Today is March 29, 2021.

On December 23, 2020, the California Department of Public Health (CDPH) sent a “Dear Colleague” letter because of the increasing reports of disseminated gonococcal infections (DGI). Today, we want to share with you parts of that letter. 

CDPH is working with local health departments to investigate these cases of DGI, where some patients have experienced homelessness or using illicit drugs, particularly methamphetamine. The CDC noted a similar increase in cases in Michigan in late 2019.

What is DGI? DGI is an uncommon but severe complication of untreated gonorrhea. DGI occurs when the sexually transmitted pathogen Neisseria gonorrhoeae invades the bloodstream and spreads to distant sites in the body, leading to clinical manifestations such as septic arthritis, polyarthralgia, tenosynovitis, petechial/pustular skin lesions, bacteremia, or, on rare occasions, endocarditis or meningitis. Patients have initially presented with joint pain attributed to another cause, which was only later determined to be due to DGI. 

Why is DGI increasing?

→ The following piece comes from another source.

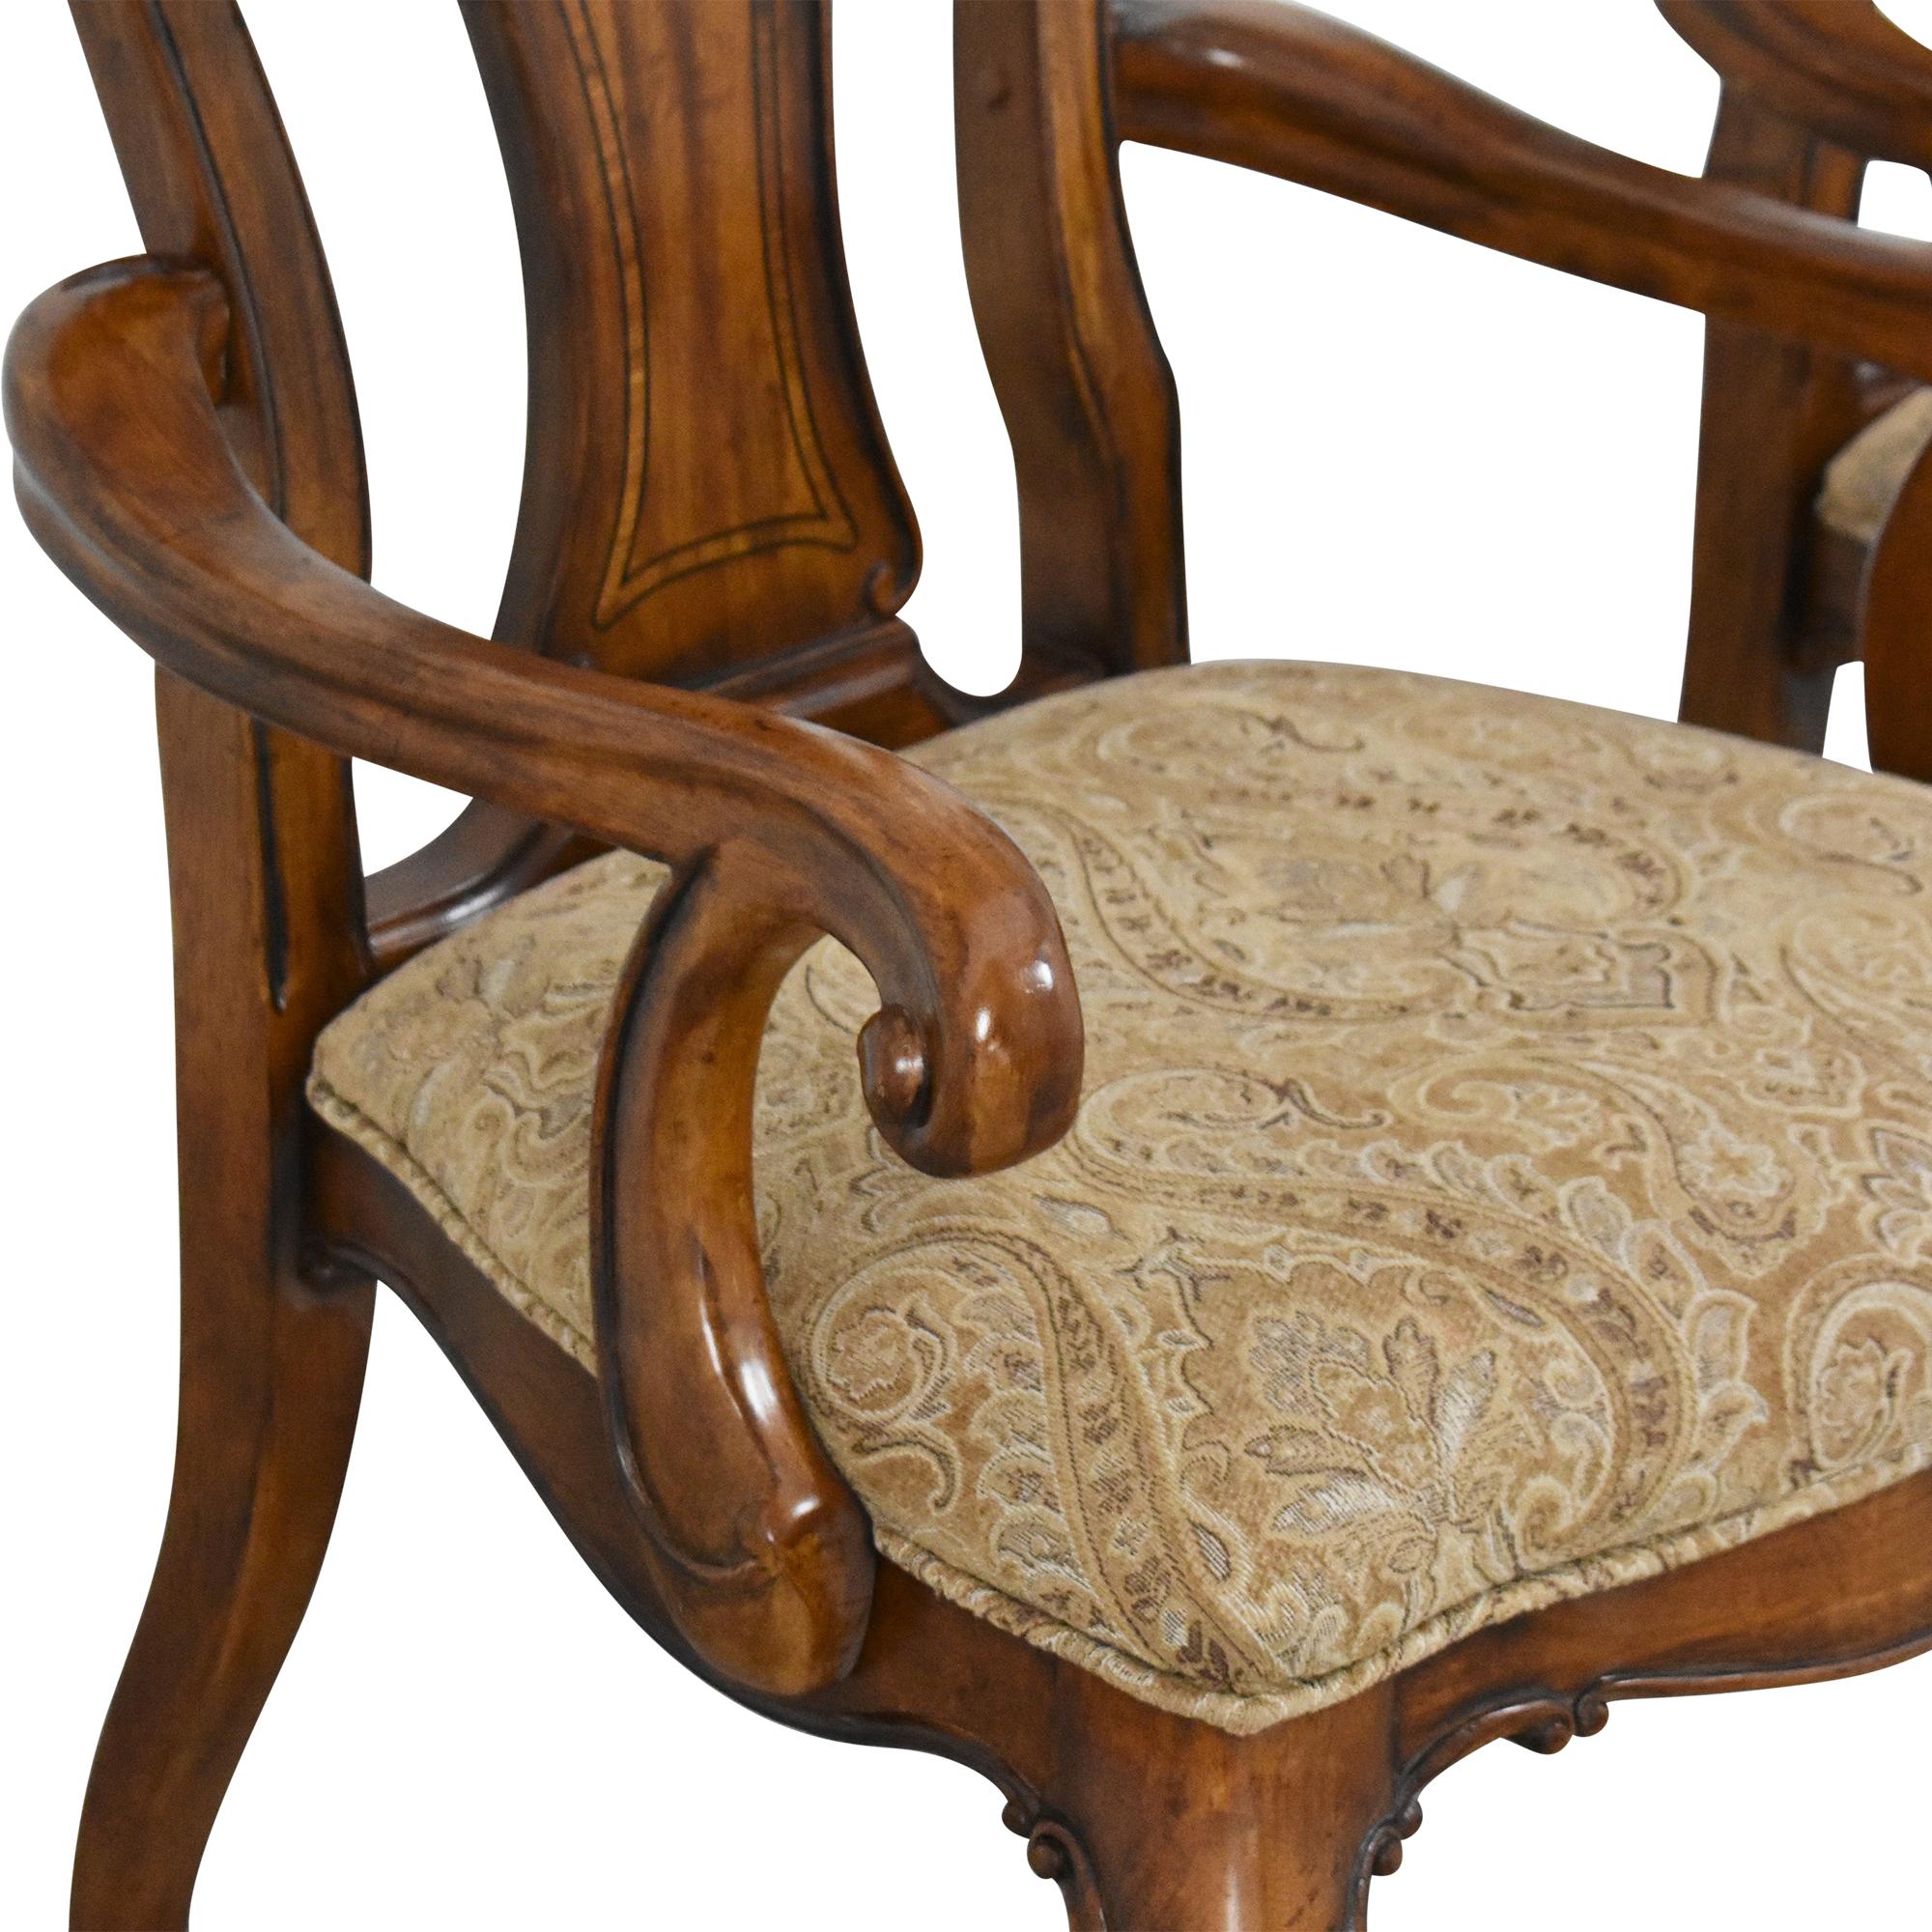 Thomasville Ernest Hemingway Granada Dining Arm Chairs Thomasville

Increased cases may be caused by decreased STD testing and treatment because of the COVID-19 pandemic, and not necessarily because of a more virulent strain of gonorrhea. 

What do we need to do as medical providers?

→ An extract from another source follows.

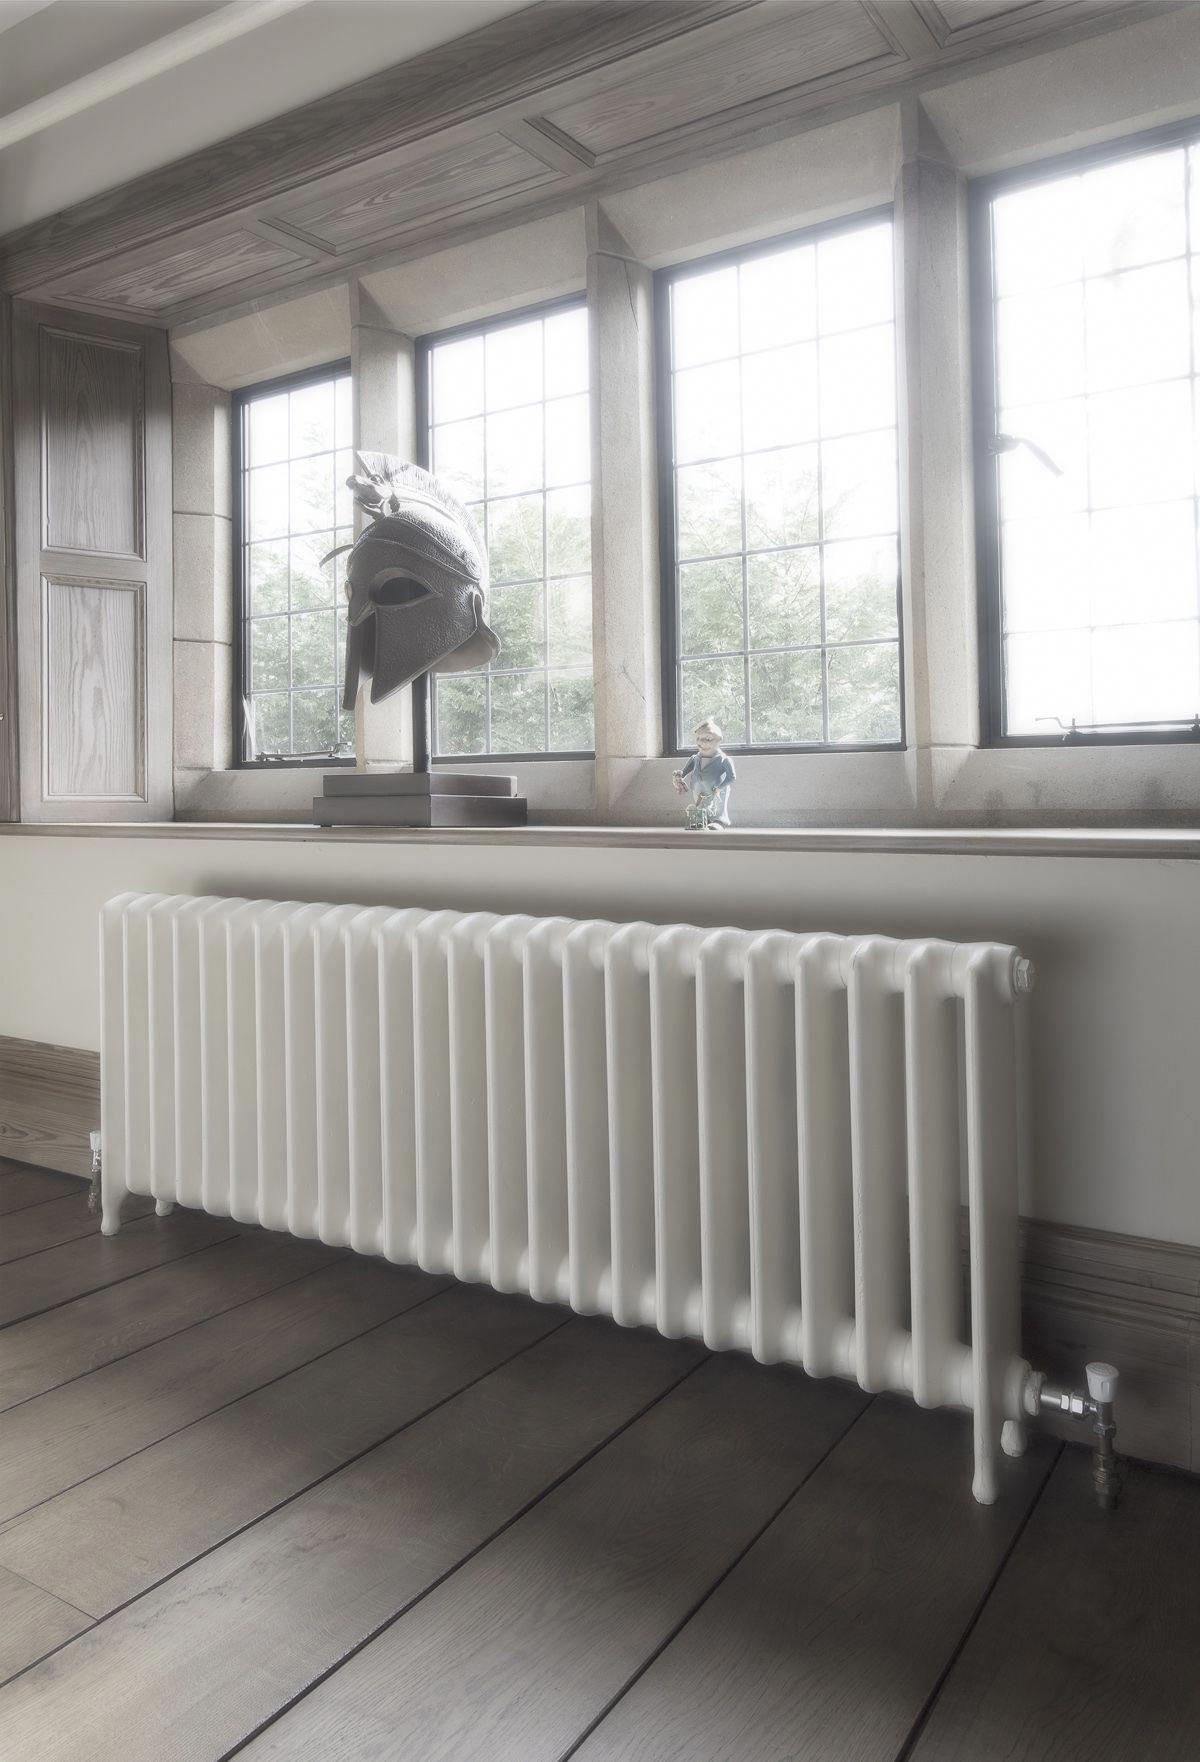 Designer Living Room Radiators: School Style Cast Iron Radiator Reclaimed And Refurbished

Screen: Reinstate routine screening recommendations for STDs in females <25 years of age (or older females with risk factors for STDs), pregnant females, men who have sex with men (MSM) and individuals with HIV, and other risk groups.

Suspect: For patients reporting joint pain, obtain a social history that includes a sexual and drug use history, and housing status. Suspect DGI in patients with joint pain and treat them according to the CDC STD Treatment Guidelines. Remember that most cases of uncomplicated gonococcal infections are now treated with a single dose of Ceftriaxone 500 mg IM PLUS doxycycline for 7 days. DGI, however, needs IV meds and longer duration of treatment.

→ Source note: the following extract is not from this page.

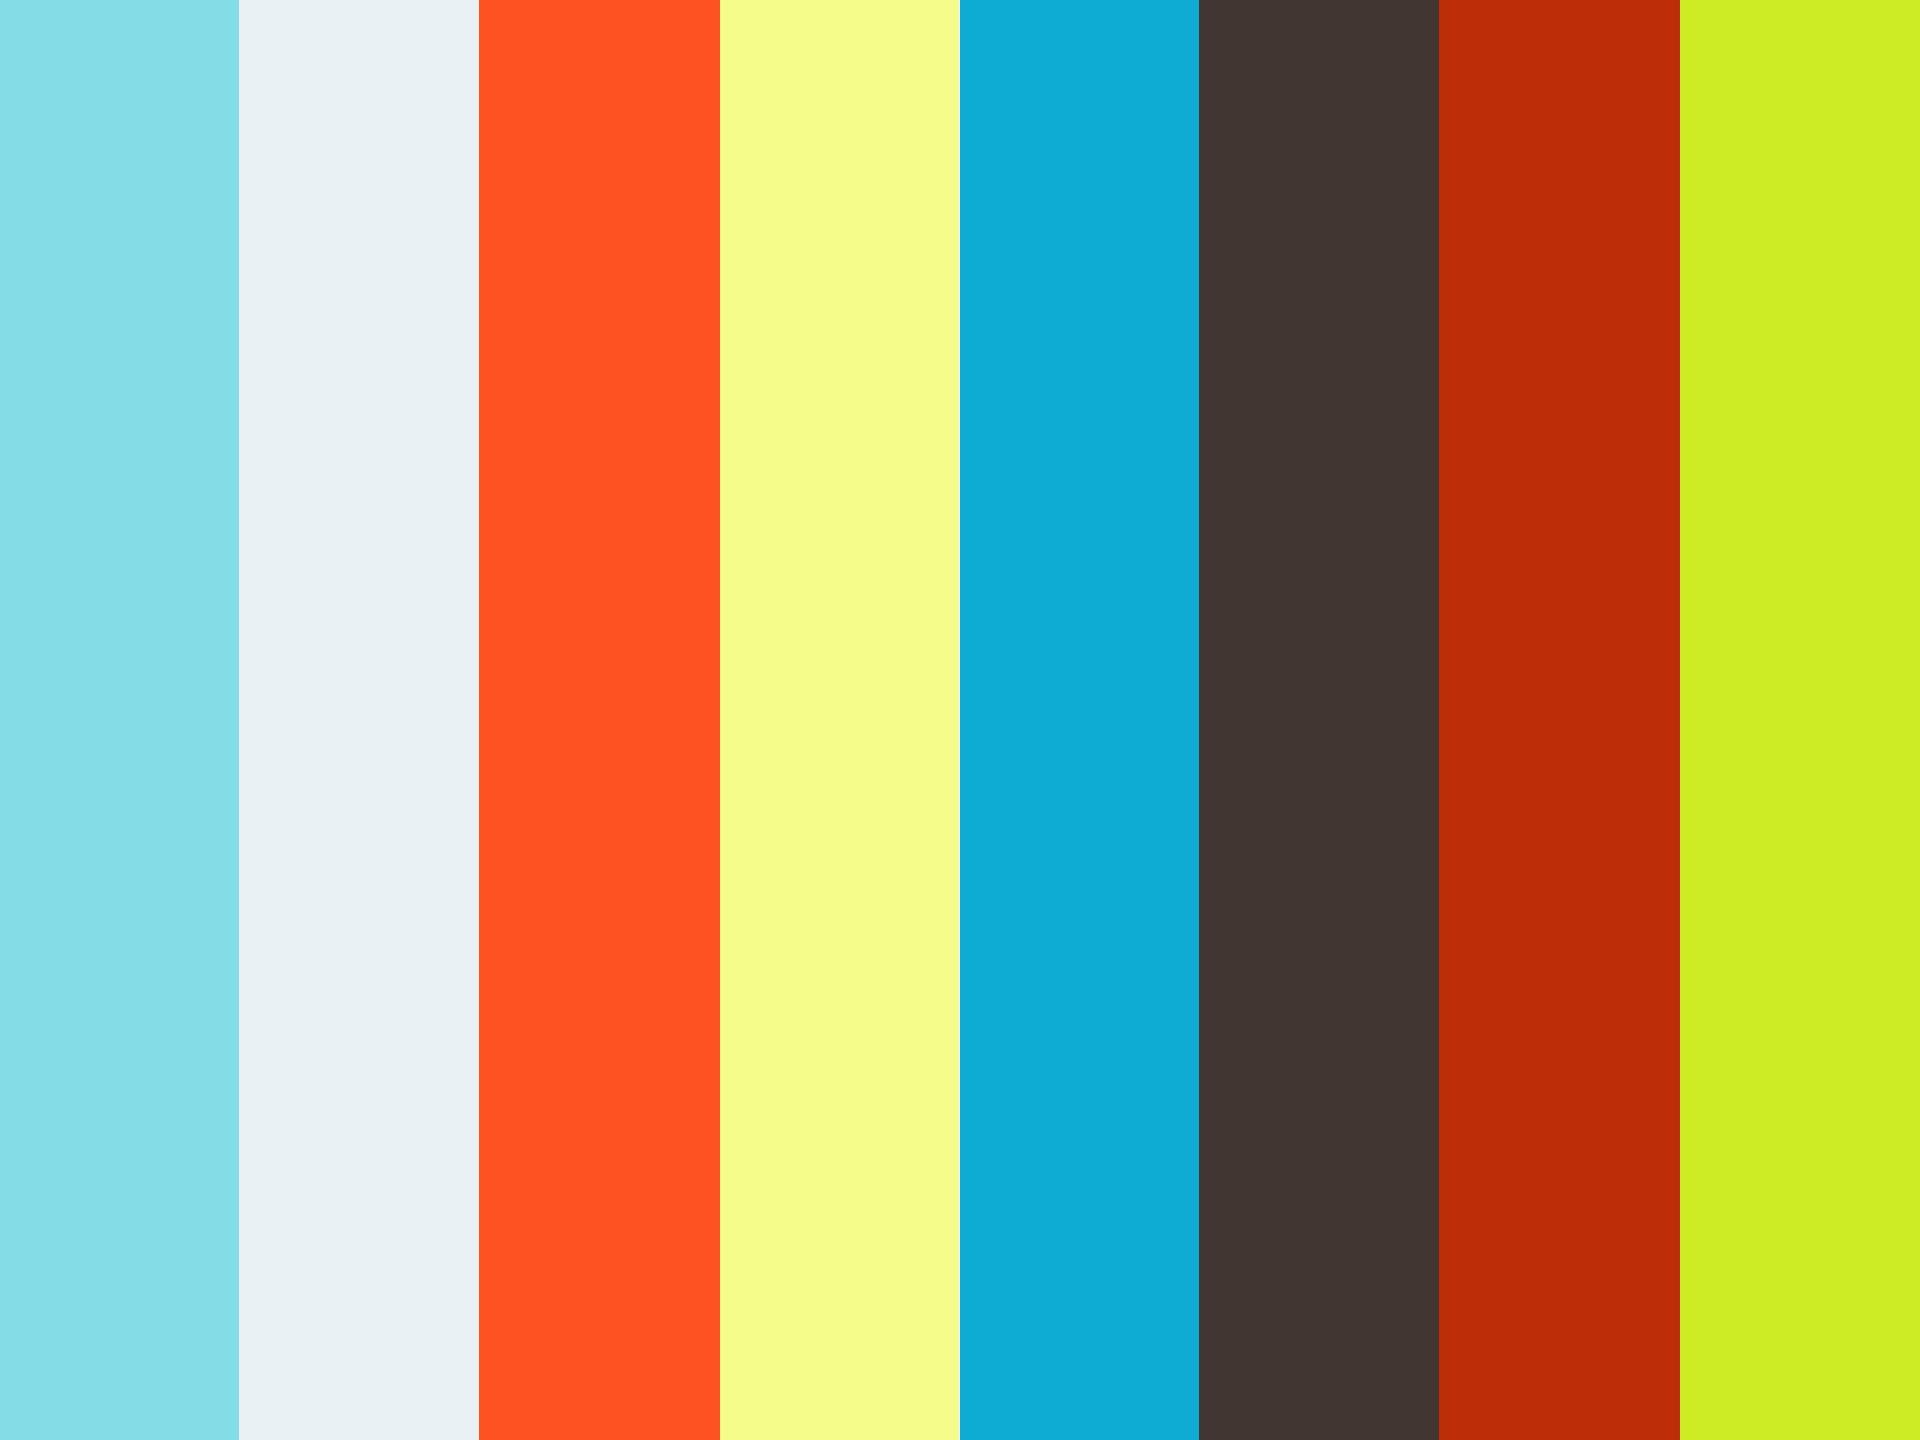 【User Voice】髙田光彦先生インタビュー:マイクロスコープの有用性【FLEXION】

Test: Order Nucleic acid amplification test (NAAT) and culture specimens from urogenital, extragenital mucosal sites (e.g., pharyngeal and rectal), and from disseminated sites (e.g., skin, synovial fluid, blood, and cerebrospinal fluid) before initiating empiric antimicrobial treatment for patients with suspected DGI. Hospitalization and consultation with ID is recommended for initial therapy. Test all isolates from DGI cases for antibiotic susceptibility, and send all isolates from DGI cases to the local public health laboratory.  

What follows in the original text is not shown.